祁同伟是在一个阴天的上午接到省纪委电话的。

他正在办公室里批文件,桌上摊著厚厚一摞,每一份都需要他签字。

他的钢笔握得很紧,笔尖在纸上沙沙地响,一笔一划,工工整整,像在练字。

电话响起来的时候,他的手没有抖,字没有写歪,甚至没有停。

他写完了那个字,才放下笔,拿起话筒。

“祁同伟同志,请你今天下午三点到省纪委来一趟,有件事需要向你了解。”

电话那头的声音很客气,客气得像从礼仪教科书上抄下来的。

但祁同伟知道,省纪委的“了解”,从来不是了解。

是问话,是核实,是谈话,是组织在给你机会——让你自己把问题说清楚。

祁同伟说了一声“好”,声音不大,很平稳,平稳得像一面没有风的湖。

他掛了电话,把话筒放回座机上,靠在大班椅上,闭了一会儿眼睛。

他的心跳很快,快到他能感觉到血液在太阳穴那里突突地跳。

他的手心开始出汗,不是紧张,是恐惧。

是那种被猎人的枪口瞄准了很久、忽然听到枪响、但不知道子弹打没打中自己的恐惧。

祁同伟睁开眼睛,拿起桌上的手机,翻到季珩珩的號码,拨了过去。

电话响了一声就接了,像是一直在等。

“季总,省纪委找我谈话。今天下午三点。”

他的声音很轻,轻到像是在说一件不能让任何人听到的事情。

但他的语气很平静,平静得像在说“今天天气不错”。

这是他在官场摸爬滚打这么多年练出来的本事——不管心里多慌,声音不能慌。

声音慌了,人就输了。

季珩珩在电话那头沉默了片刻。

那沉默不长,但祁同伟觉得过了很久。

他在等季珩珩说话,等他说“別担心”,等他说“我帮你”,等他说任何一句能让他不那么害怕的话。

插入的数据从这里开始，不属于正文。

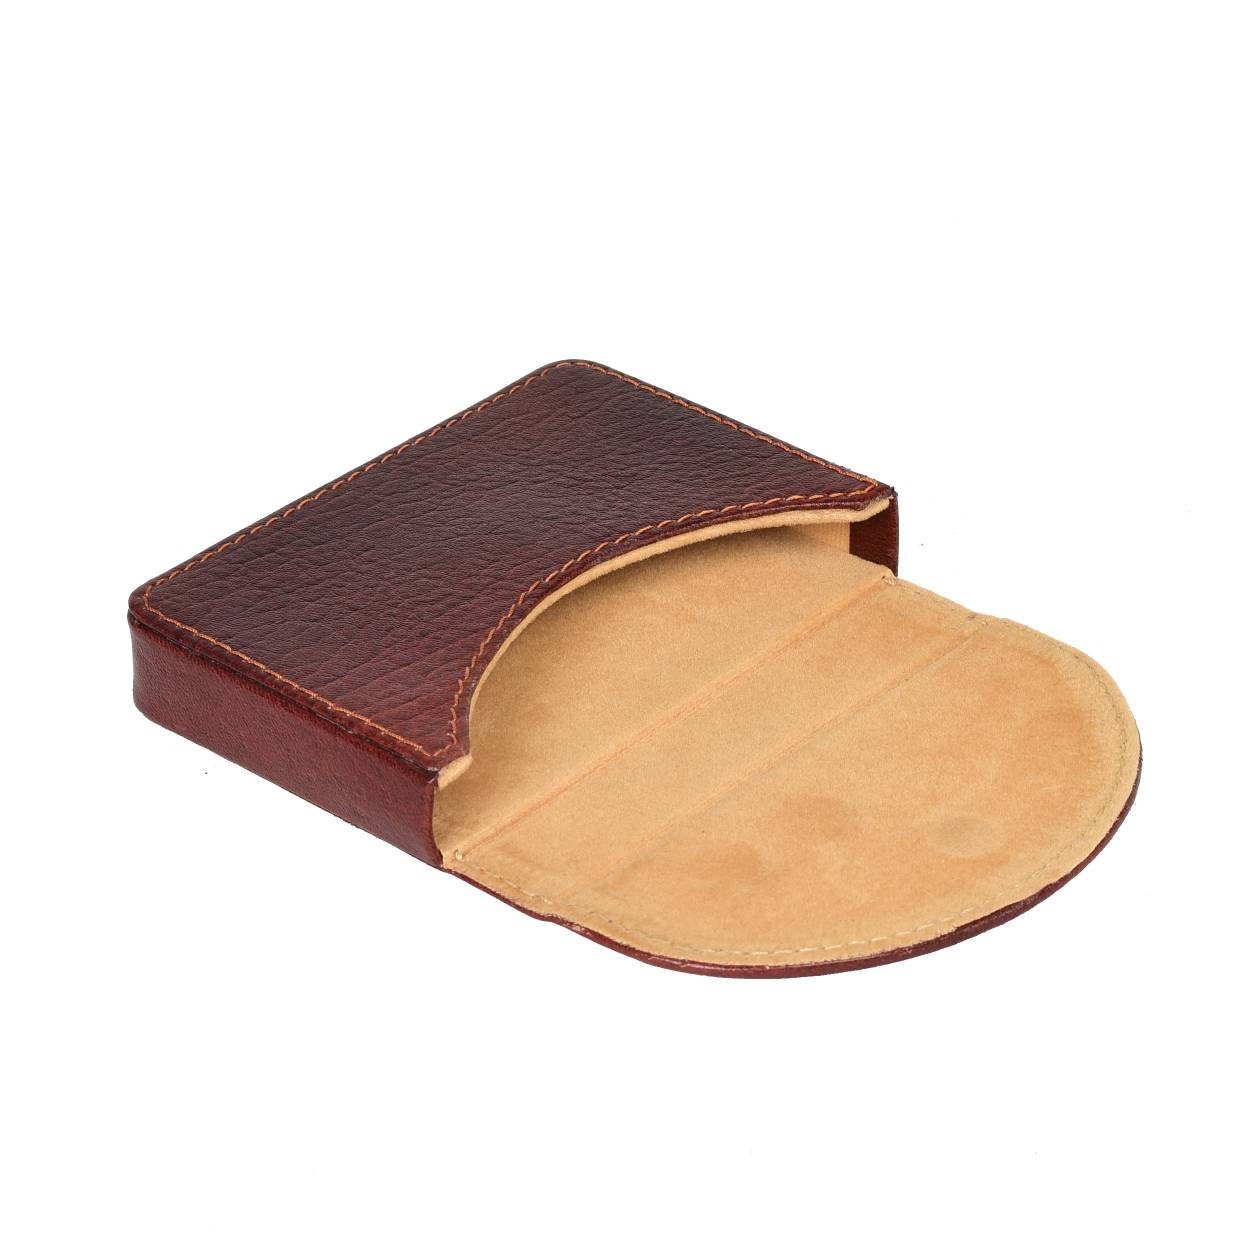 LINDSEY STREET Genuine Leather Credit Card Holder Card Organizer Brown Leather Card Case Business Card Cases
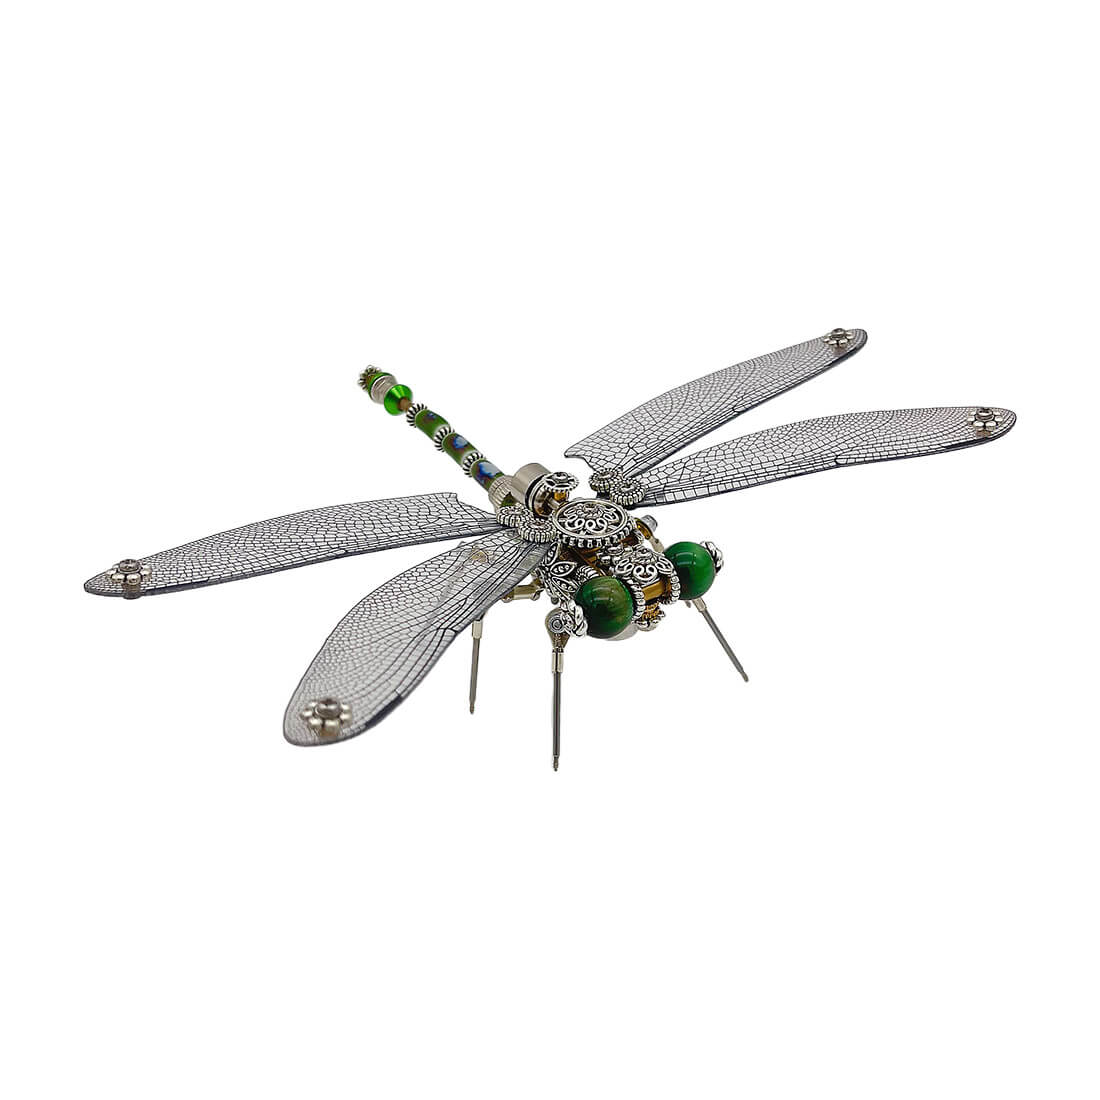 Steampunk Lesser Emperor Dragonfly 3D Mechanical Insect DIY Assembly Model (200+PCS)

季珩珩开口了,声音不大,语速不快,每一个字都很清楚。

“祁厅长,省纪委找您谈话,是正常的组织程序。

不是立案,不是双规,不是任何您想的那样的东西。

您去,实话实说,该承认的承认,该解释的解释,该否认的否认。

不要慌,不要怕,不要自己嚇自己。”

祁同伟握著手机,手心全是汗。

手机壳被汗水浸湿了,滑溜溜的,像握著一块刚从水里捞出来的肥皂。

“季总,他们要是问起山水集团的事,我怎么说?”

“实话。”季珩珩的声音没有一丝犹豫。

“您和高小琴的关係,省纪委可能已经知道了。

瞒是瞒不住的。

瞒了,就是对抗组织。

不瞒,就是主动交代。

性质不一样,结果也不一样,祁厅长,您是个聪明人,知道该怎么说。”

祁同伟沉默了。

他知道季珩珩说的对。

瞒是瞒不住的。

侯亮平把举报信寄到了最高检,最高检转到了省纪委,省纪委找他了。

这条线很清楚,清楚到他闭著眼睛都能画出来。

他不怕省纪委,他怕的是季珩珩不帮他。

如果季珩珩在这个时候鬆手,他就完了。

“季总,我去了。”

“去吧,有什么情况,隨时给我打电话。”

电话掛断了。

祁同伟把手机放在桌上,站起来,走到窗前。

窗外的京州灰濛濛的,云层压得很低,像一床被水浸透了的棉被盖在城市的上空。

他看著那些灰白色的云,在心里把下午可能要面对的问题一个一个地过了一遍。

你和山水集团是什么关係?你和祁同伟是什么关係?你在山水集团有没有股份?你有没有利用职务便利为山水集团谋取利益?这些问题,每一个都像刀子,每一个都扎在要害上。

下午两点四十五分,祁同伟到了省纪委。

他没有让司机送,自己开的车。

车是一辆黑色的奥迪a6l,不是他的专车,是他借朋友的,普通牌照,不会引人注意。

他把车停在省纪委大院外面的停车场,熄了火,在车里坐了一会儿。

他看著窗外那栋灰白色的、方方正正的大楼,看著大楼门口那块白底黑字的牌子——“中国共產党汉东省纪律检查委员会”。

那几个字是红色的,不是黑色,他记错了。

不是记错了,是不敢看。

不敢看那几个红色的字,因为太刺眼了,刺眼到像血。

三点整,祁同伟走进了省纪委的大门。

谈话室在三楼,不大,十几平米,一张桌子,三把椅子。

桌子是白色的,不是铁灰色,和检察院的审讯室不一样。

椅子是皮质的,黑色的,坐著比铁椅子舒服。

墙上没有镜子,没有录音录像设备,没有那盏一闪一闪的红灯。

但祁同伟知道,这间屋子里的每一句话,都会被记录下来。

不是用机器,是用人。

坐在他对面的两个人,就是两台最精密的录音设备。

省纪委的副书记姓孟,五十多岁,头髮花白,戴著一副黑框眼镜,看起来很和善,像一个中学老师。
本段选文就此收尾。